» **What the exercise asks**:
Reproduce every entry below precisely; do not include the pictures.

── Provided data

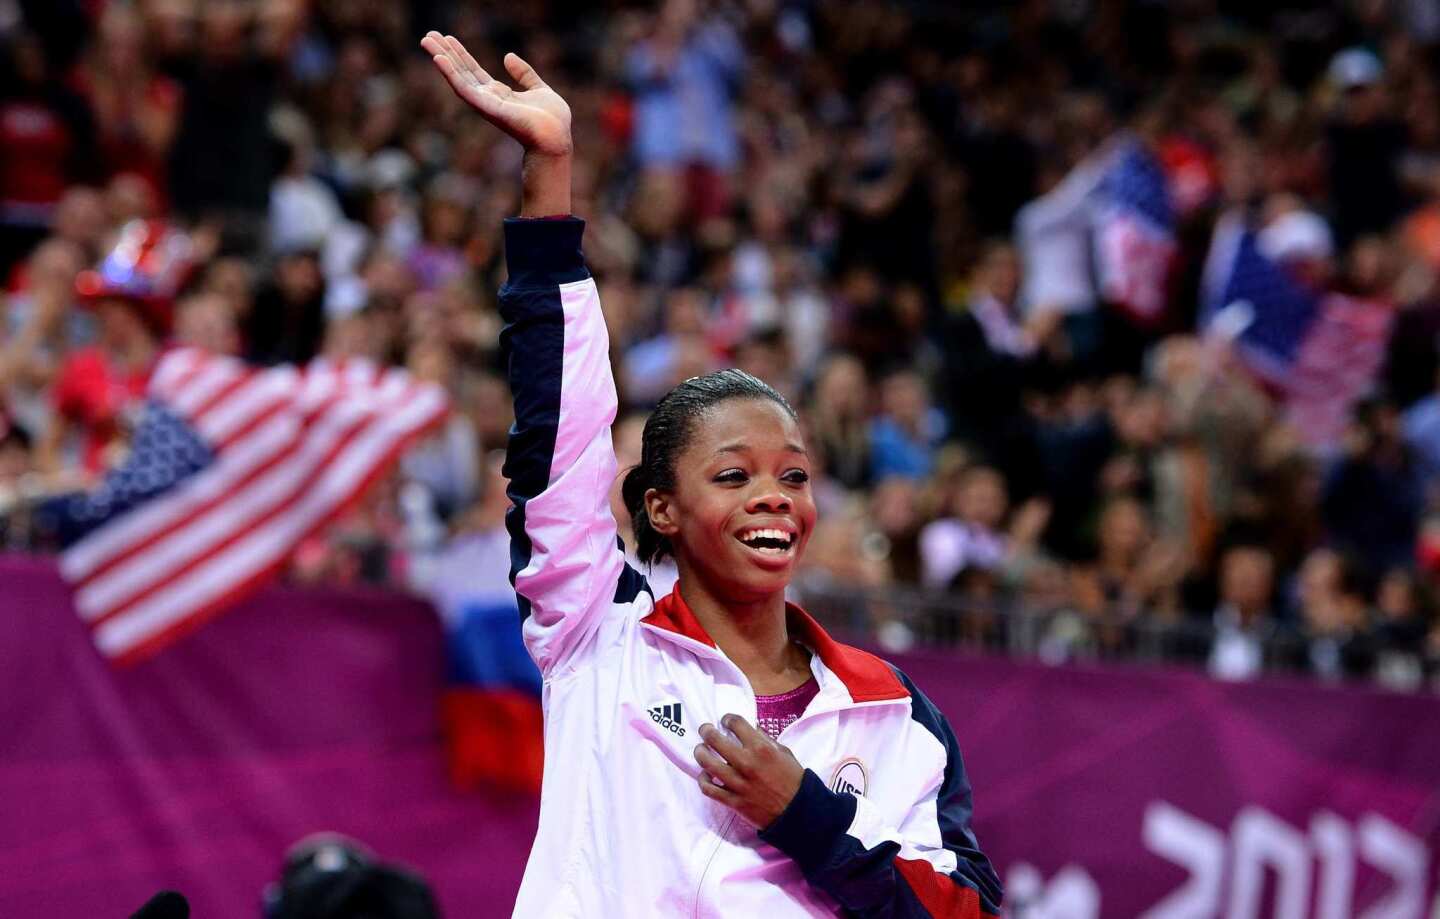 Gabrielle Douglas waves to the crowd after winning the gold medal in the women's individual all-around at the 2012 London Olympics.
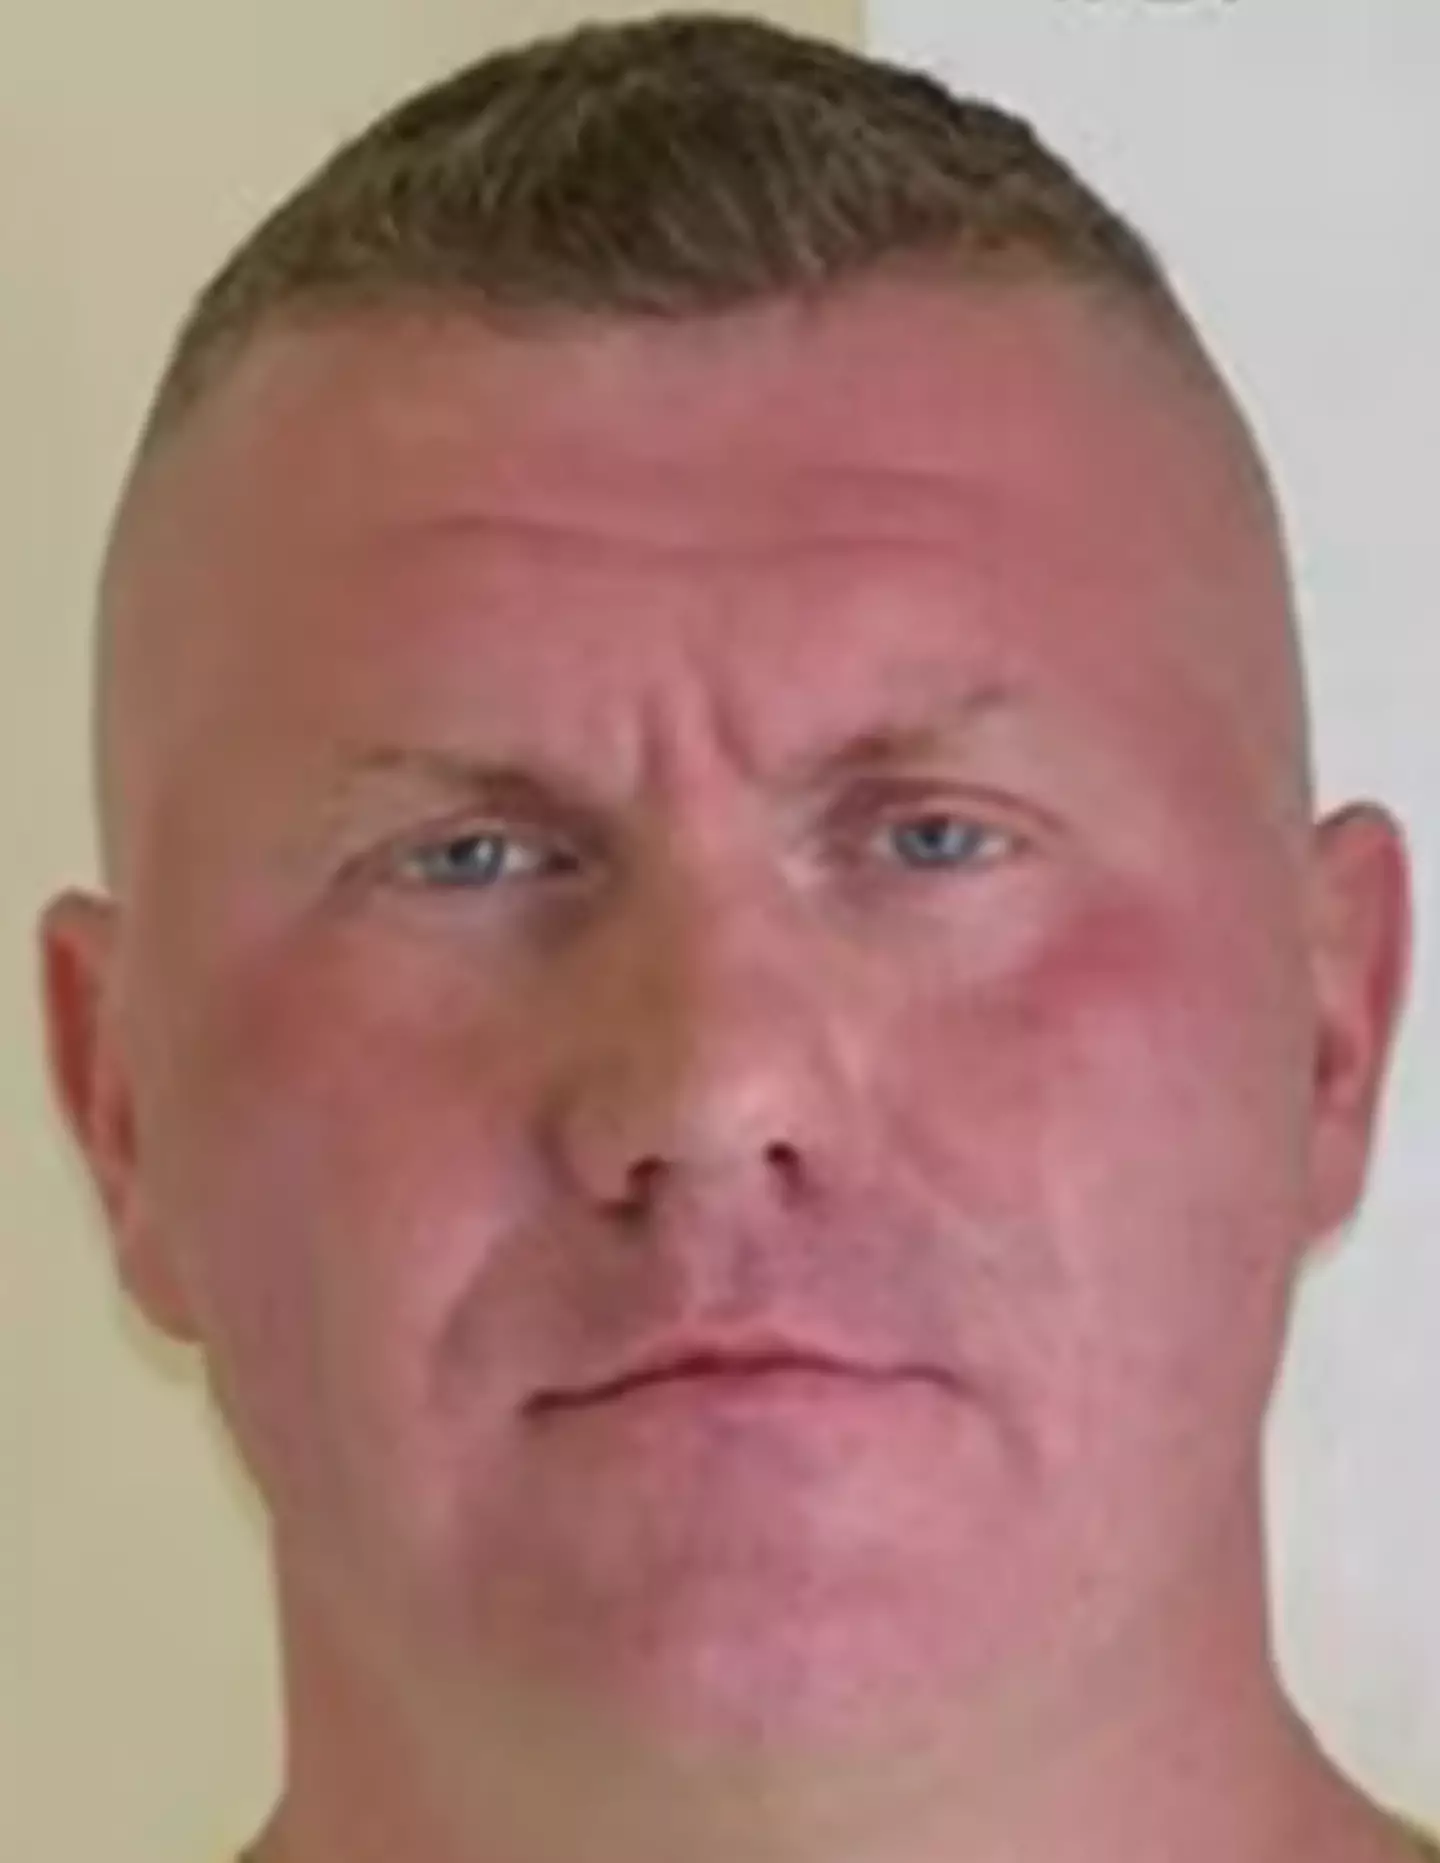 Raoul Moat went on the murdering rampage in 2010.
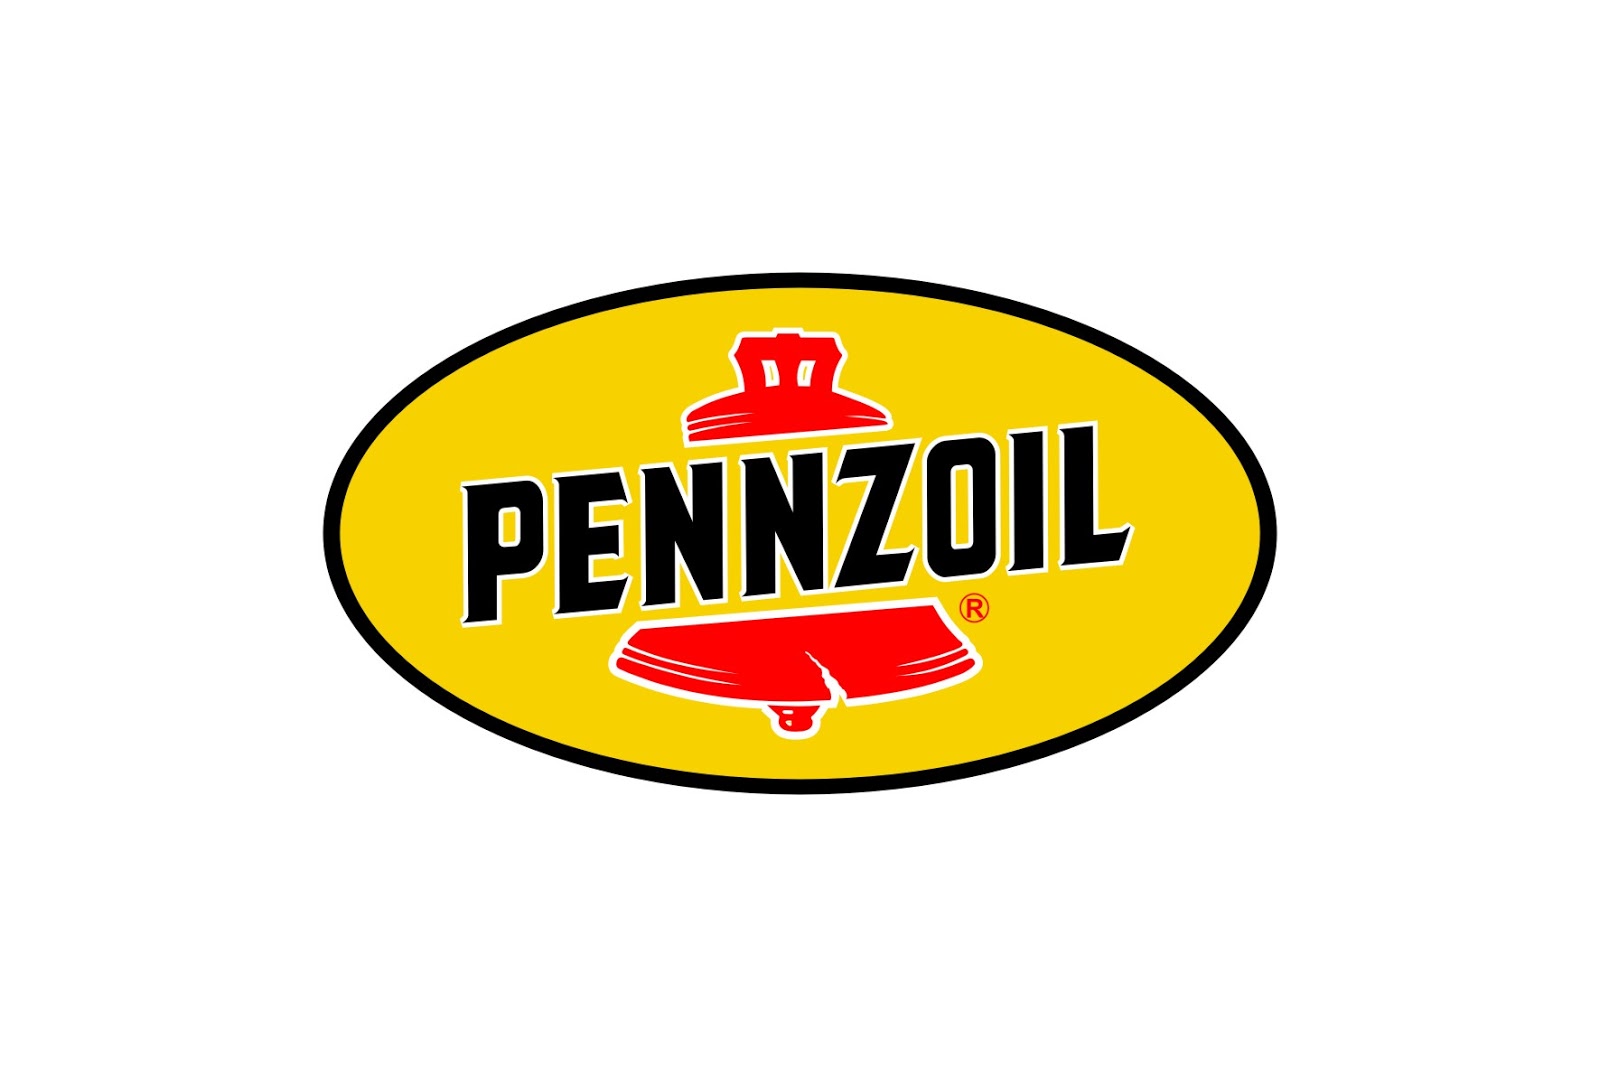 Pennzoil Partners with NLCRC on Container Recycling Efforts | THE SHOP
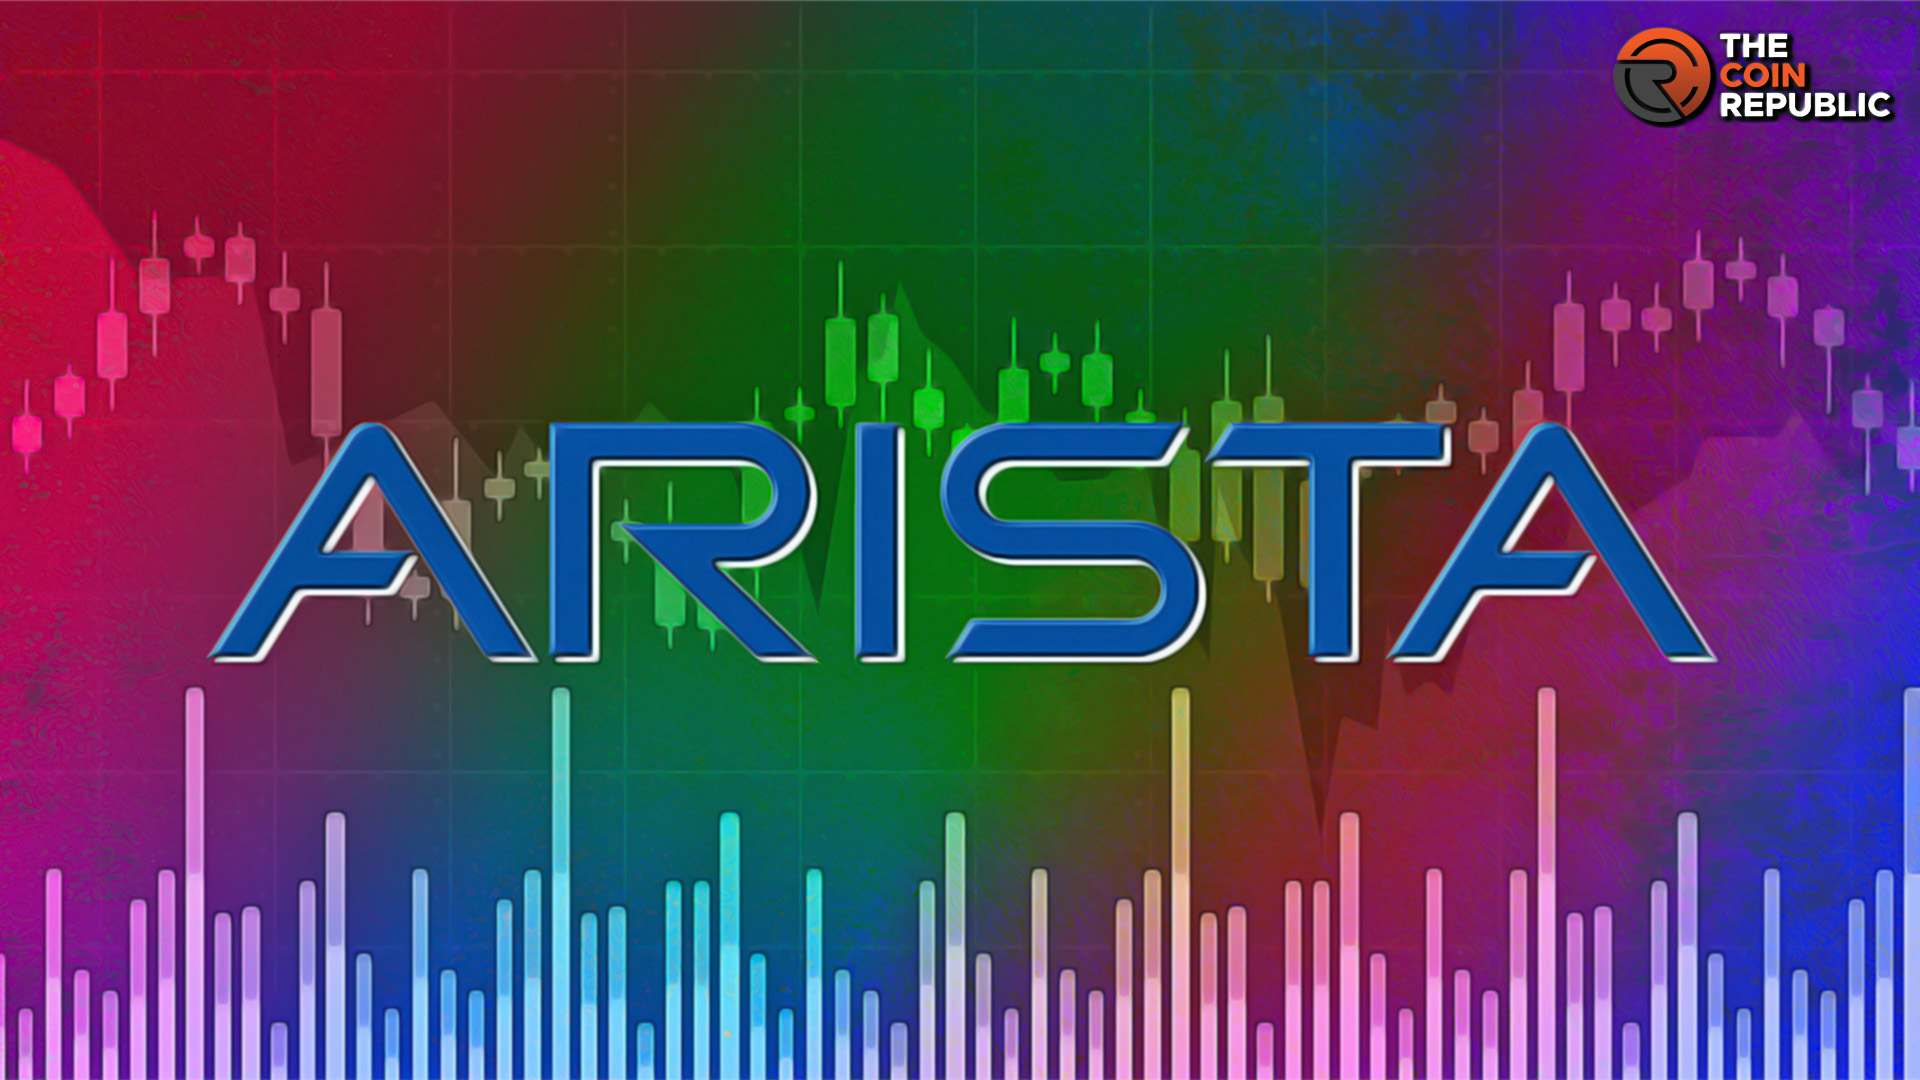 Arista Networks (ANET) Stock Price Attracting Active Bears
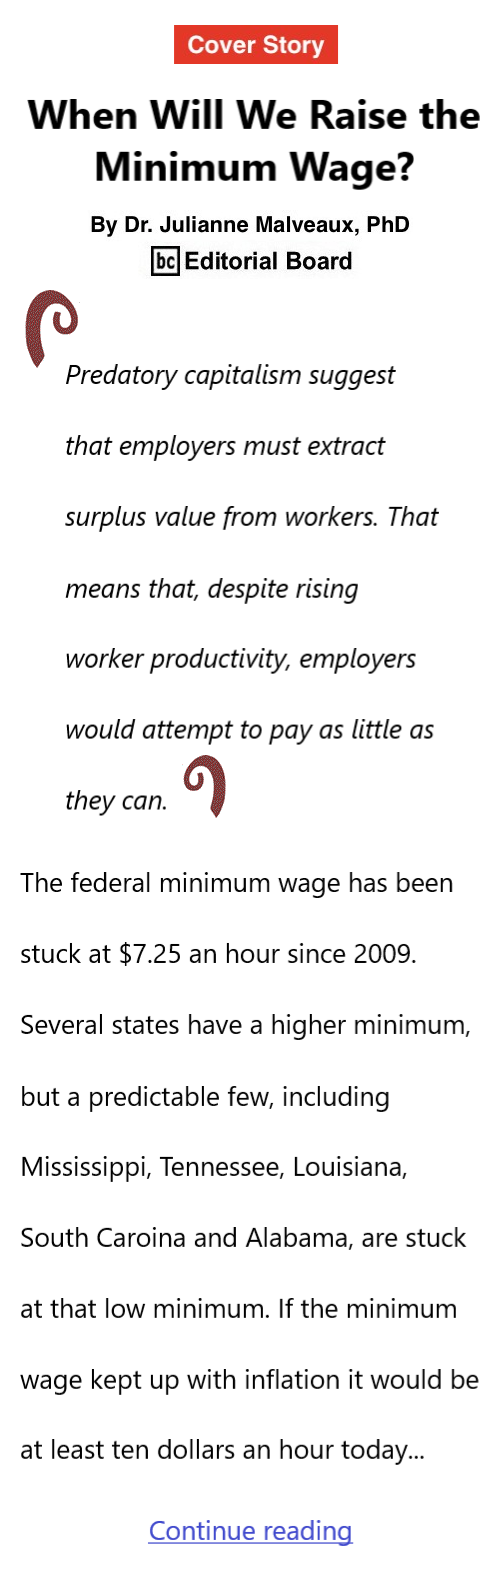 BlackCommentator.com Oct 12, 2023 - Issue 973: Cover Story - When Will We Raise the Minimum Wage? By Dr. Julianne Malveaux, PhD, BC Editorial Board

────

» **Answer box**:
 Gabrielle Douglas waves to the crowd after winning the gold medal in the women's individual all-around at the 2012 London Olympics.
 Raoul Moat went on the murdering rampage in 2010.
 Pennzoil Partners with NLCRC on Container Recycling Efforts | THE SHOP
 Arista Networks (ANET) Stock Price Attracting Active Bears
 BlackCommentator.com Oct 12, 2023 - Issue 973: Cover Story - When Will We Raise the Minimum Wage? By Dr. Julianne Malveaux, PhD, BC Editorial Board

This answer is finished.